### RECORDS PROVIDED
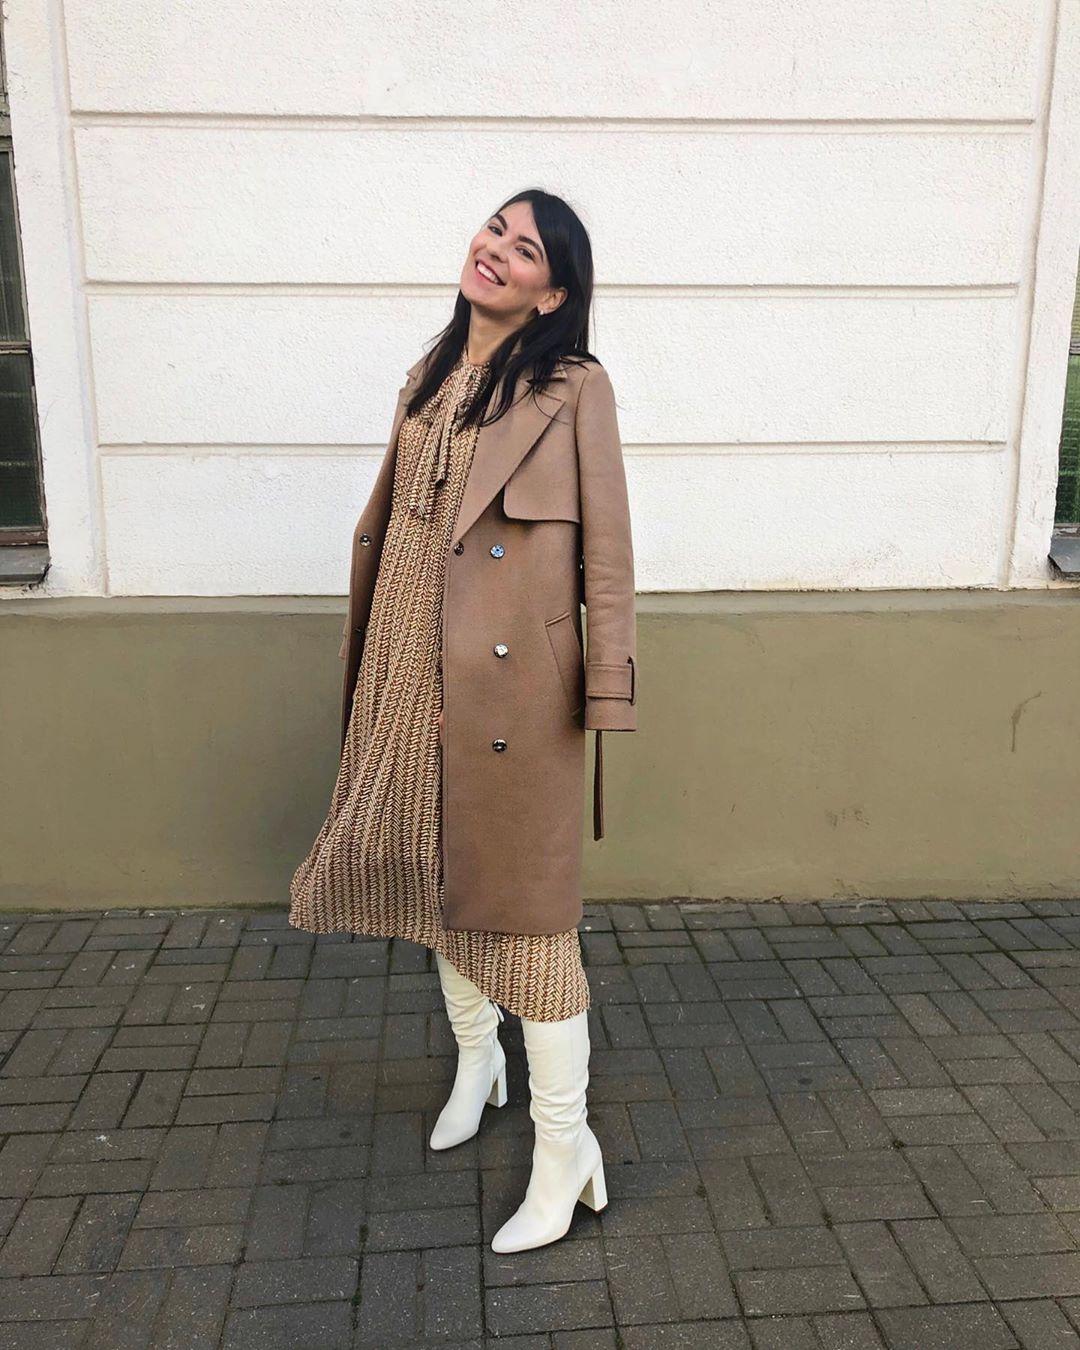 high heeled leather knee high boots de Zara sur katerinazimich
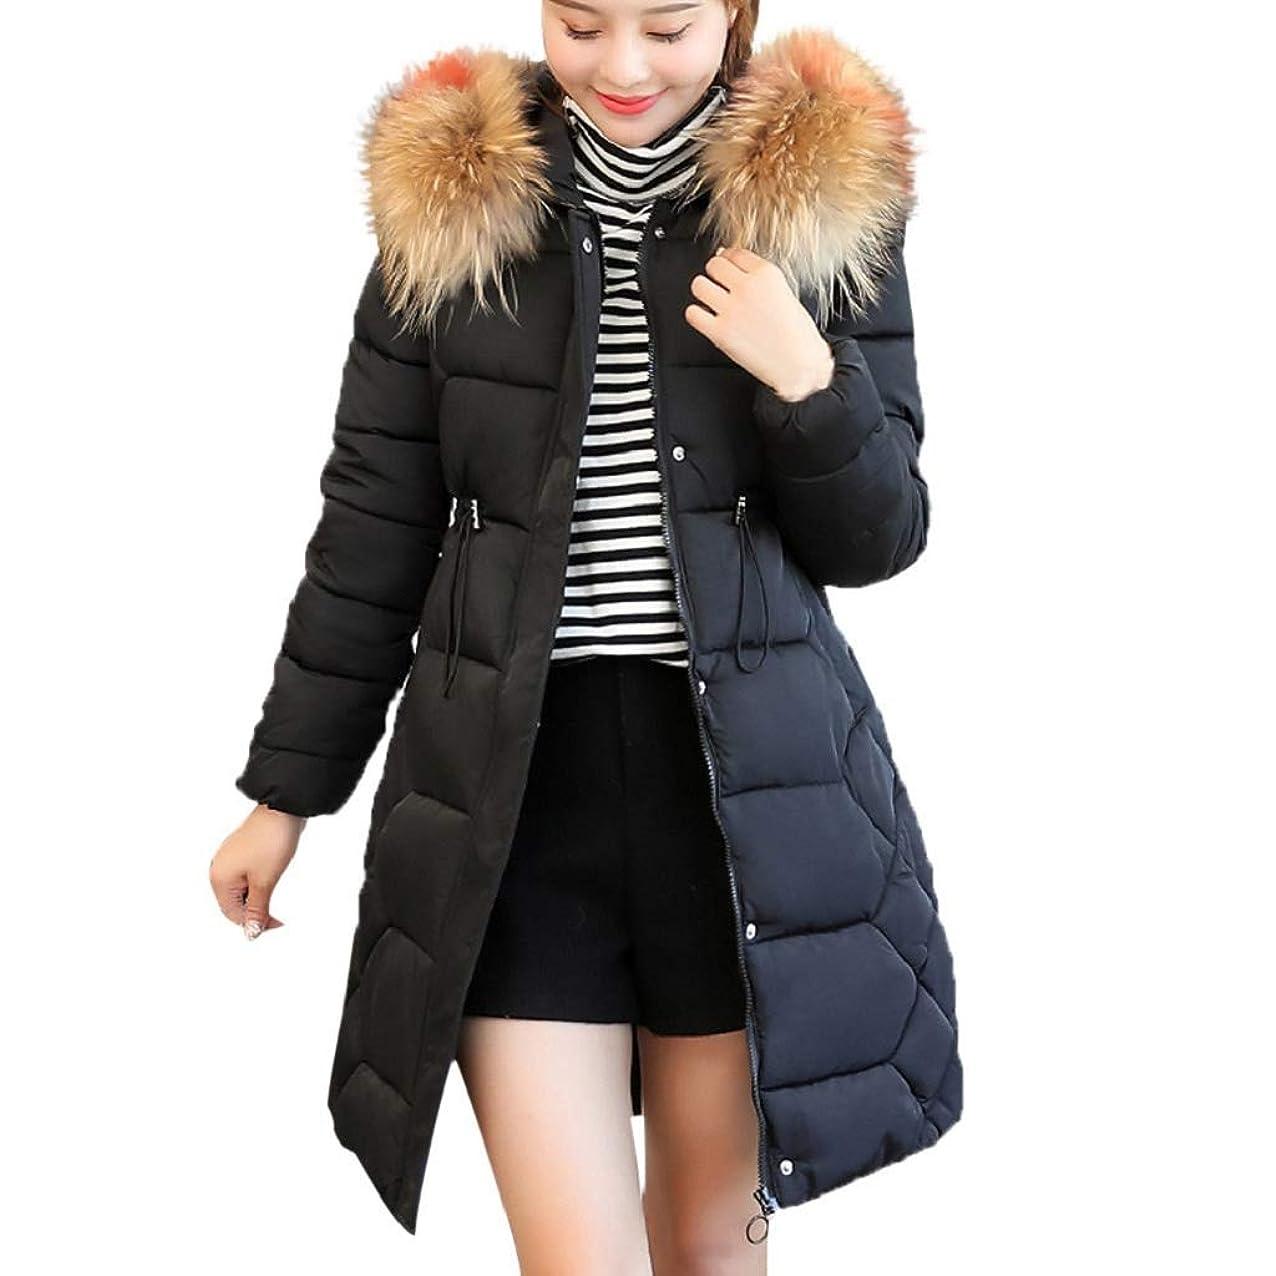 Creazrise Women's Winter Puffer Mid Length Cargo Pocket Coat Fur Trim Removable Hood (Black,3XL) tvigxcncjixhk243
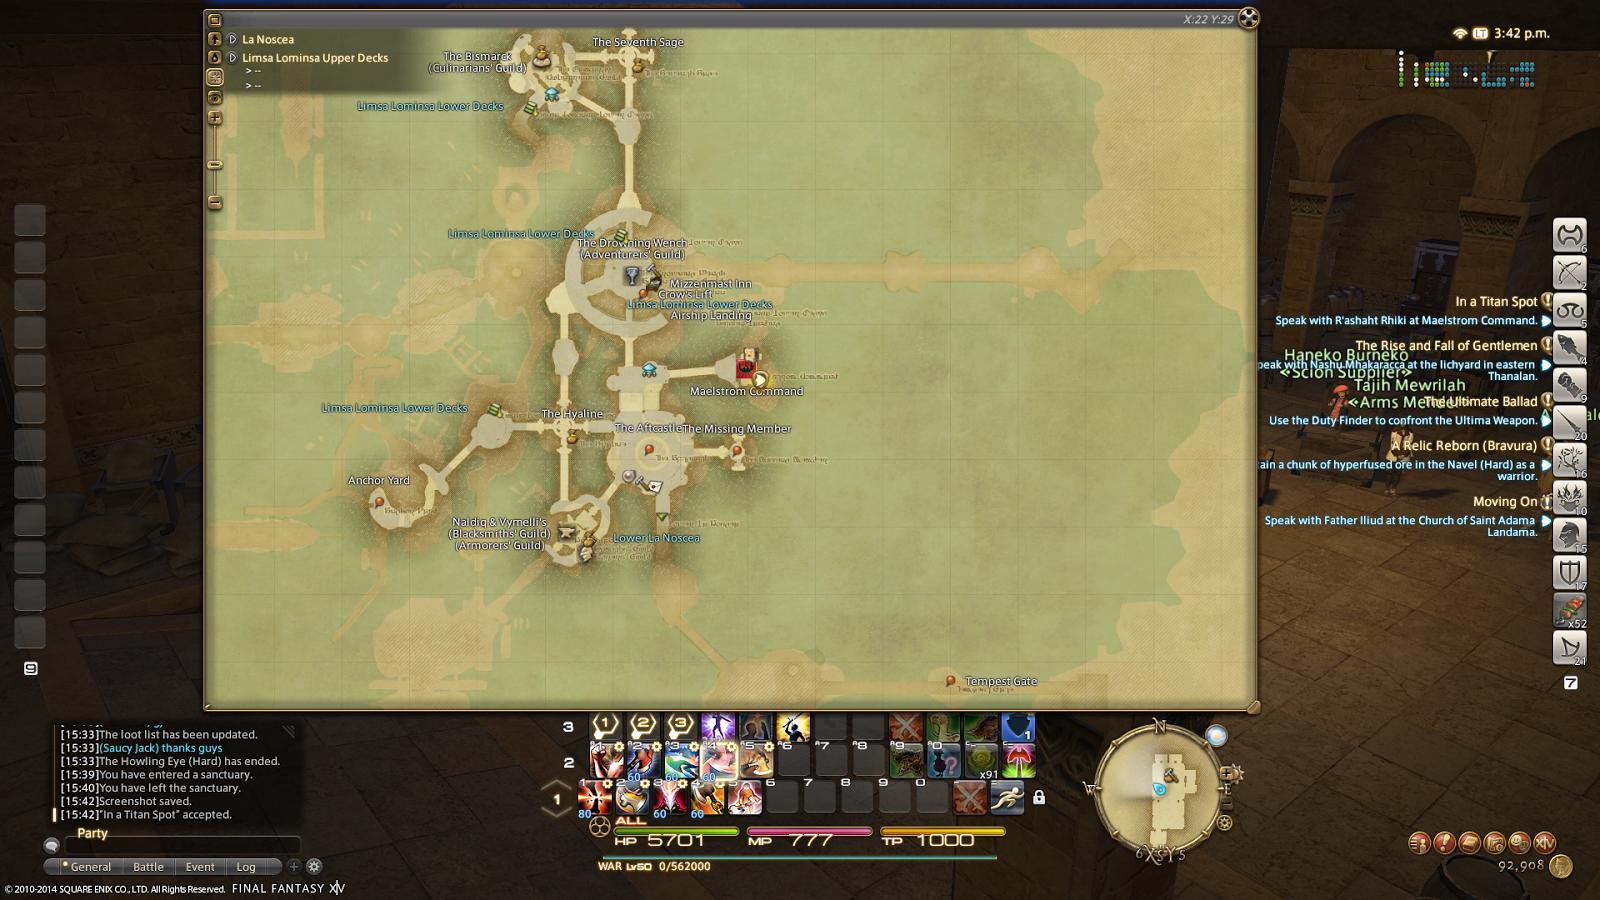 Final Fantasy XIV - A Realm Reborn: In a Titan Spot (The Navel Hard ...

==

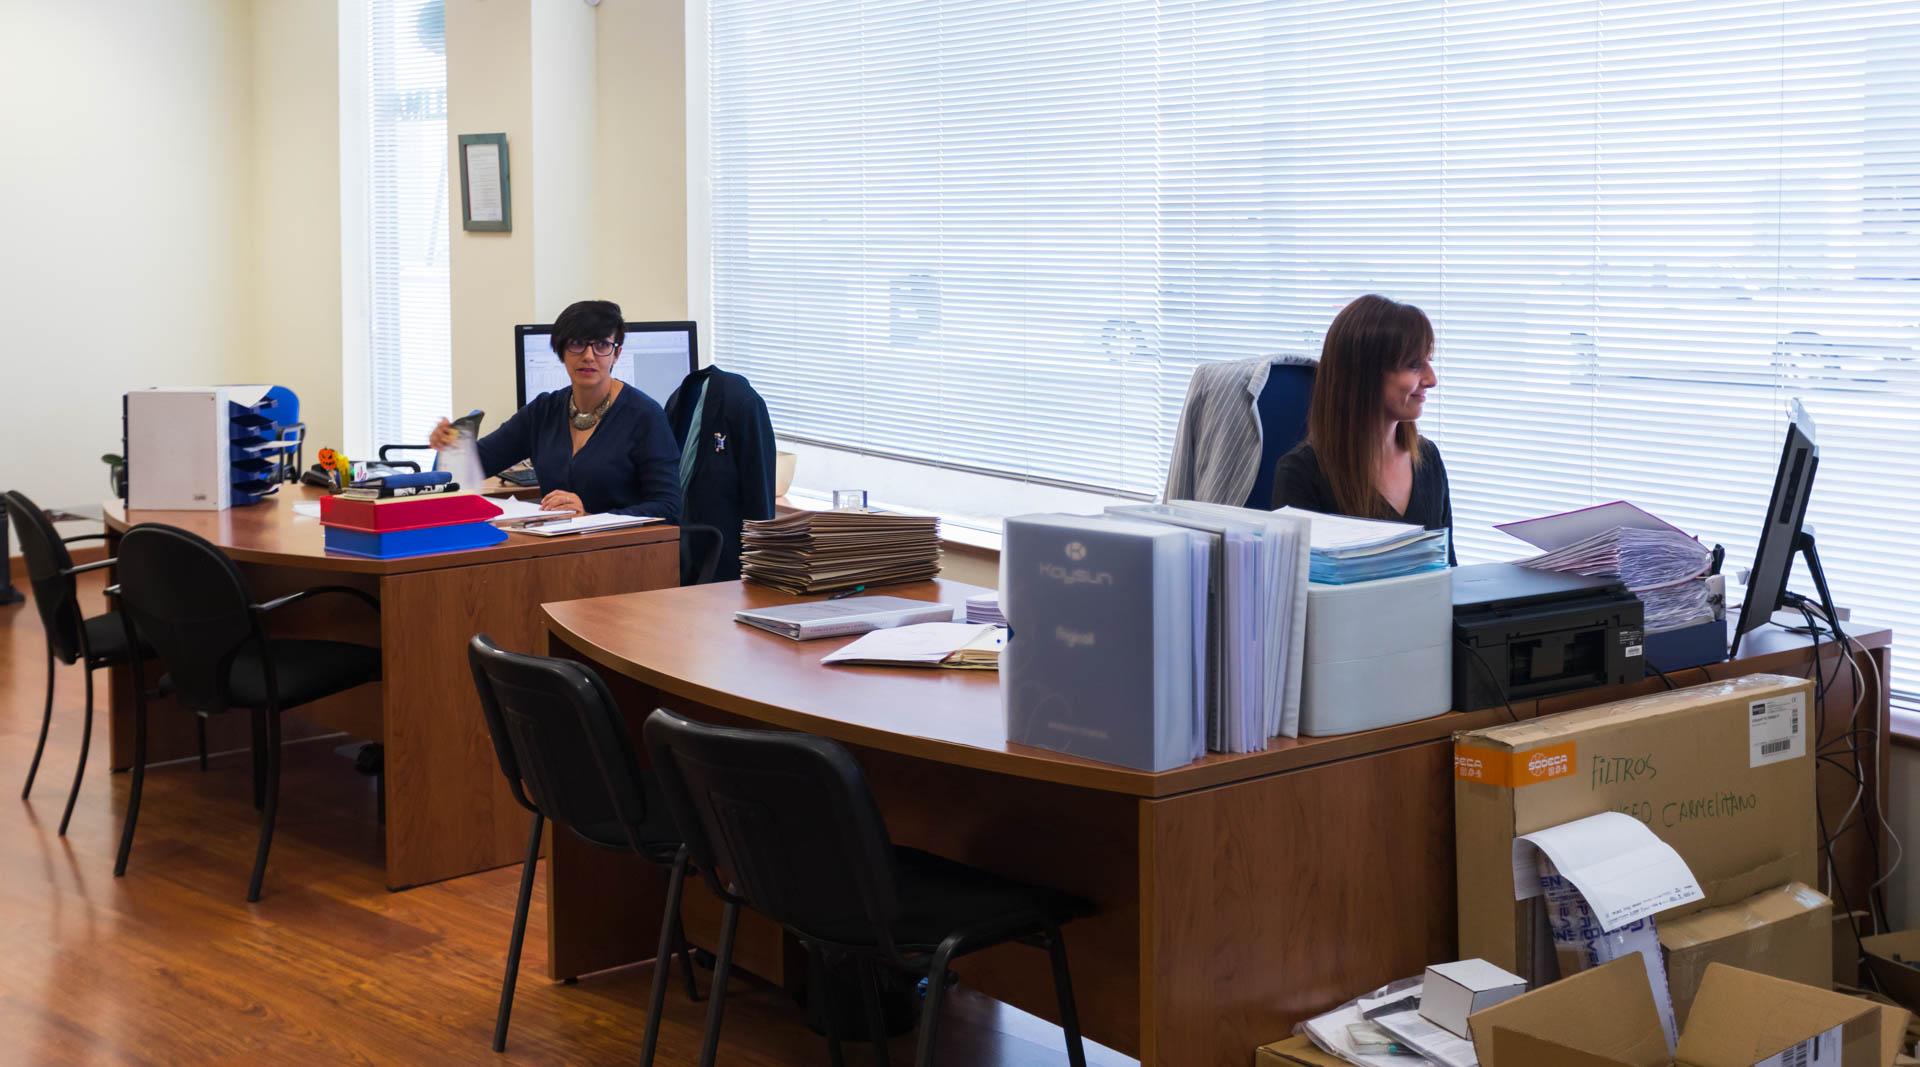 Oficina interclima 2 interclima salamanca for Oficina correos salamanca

### REQUIRED WORK
All pictures are to be skipped. Output, word for word, the lines in the data above starting at the line containing "high heeled leather" and ending at the line containing "Final Fantasy XIV".

### THE ANSWER
 high heeled leather knee high boots de Zara sur katerinazimich
 Creazrise Women's Winter Puffer Mid Length Cargo Pocket Coat Fur Trim Removable Hood (Black,3XL) tvigxcncjixhk243
 Final Fantasy XIV - A Realm Reborn: In a Titan Spot (The Navel Hard ...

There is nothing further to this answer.